Varoluş Dergisi

BİLMECE

“O benim içimde, ben onun içinde. Al sana bir bilmece” dedi babası oğluna.

Uzun süre düşünen oğlu, buldum babaa diye bağırdı.

İlk tanıdığımda yukarıda sürekli beni izleyen, katı kuralları olan, kurallarına uymayınca ceza veren, yakan, kavuran, tövbe edersem affeden, etmezde yapmaya devam edersem cezaları biriktiren, terazisinde tartan, birikince nerede olduğu bilinmeyen cehenneme atandı “O”.

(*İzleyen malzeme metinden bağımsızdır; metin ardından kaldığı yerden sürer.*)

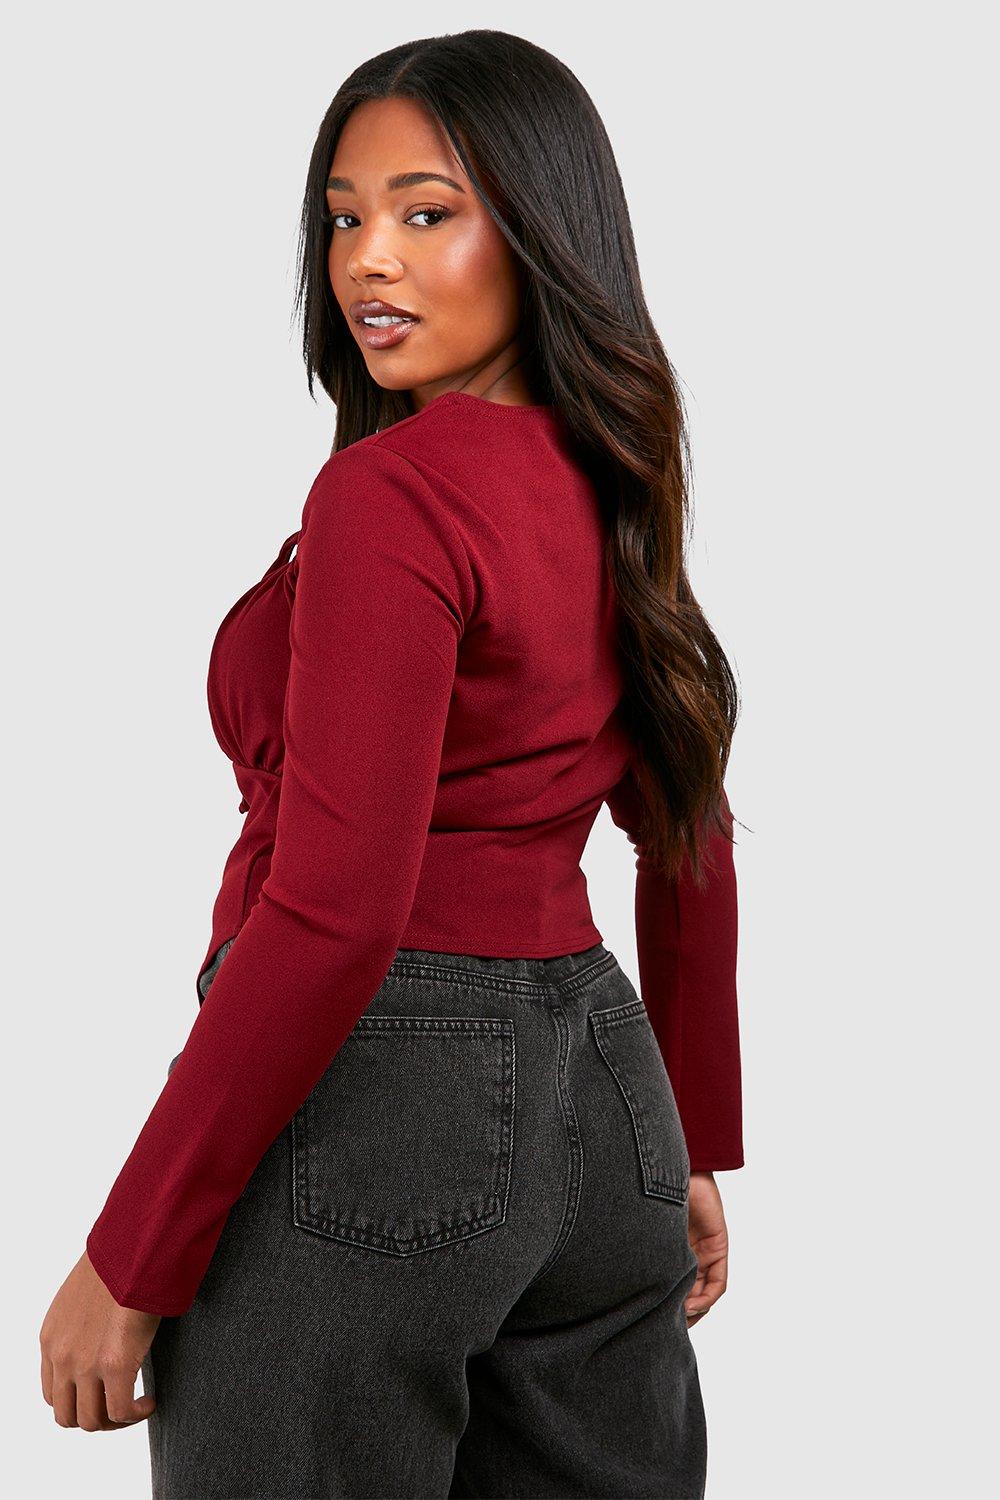 Long Sleeve Corset Top with Bow Tie Neck Fitted Crop Top e-Girl

Sonra “O”nun ceza vermeyen olduğunu anladım. Sadece seven ve yakmayan olduğunu. Bir yakan varsa O’nun da kendimin, kendime dediklerimin, kendime yaptıklarımın olduğunu anladım. Sonra başkalarına yaptıklarımında aslında kendime yaptığımı, başkasında gördükleriminde aslında kendimde olduğunu gördüm. Acısıyla, tatlısıyla kendimle yüzleştim ama ama kendimin kim olduğunu hiç göremedim.

Yapan kim, duyan kim, kim görüyor, ben gerçekten kimim diye sordum. O’nu aramaya devam ettim. Kendinden içine parça üfledi demiştin. Dedim o zaman buldum. “O” nefes… Dışımda koca, sonsuz atmosfer, içimde aynısından parça.

Tam ikna olamadım.

Sonra aramaya devam ettim, yine buldum. Hayat “O” dedim. Dışımda sonsuz makro hayat, içimde sonsuz mikro hayat. Canlı canlı devam ediyor, akıyor dedim. Can bu işte, O bu işte. İnsanların gözleriyle beni gören, kulaklarıyla beni duyan, her sorunun çözümünü içinde yaşayanlarda barındıran, canlı, büyüyen, genişleyen, sonsuza dek süren, ölünce O’na karışan, yaşamaya devam eden.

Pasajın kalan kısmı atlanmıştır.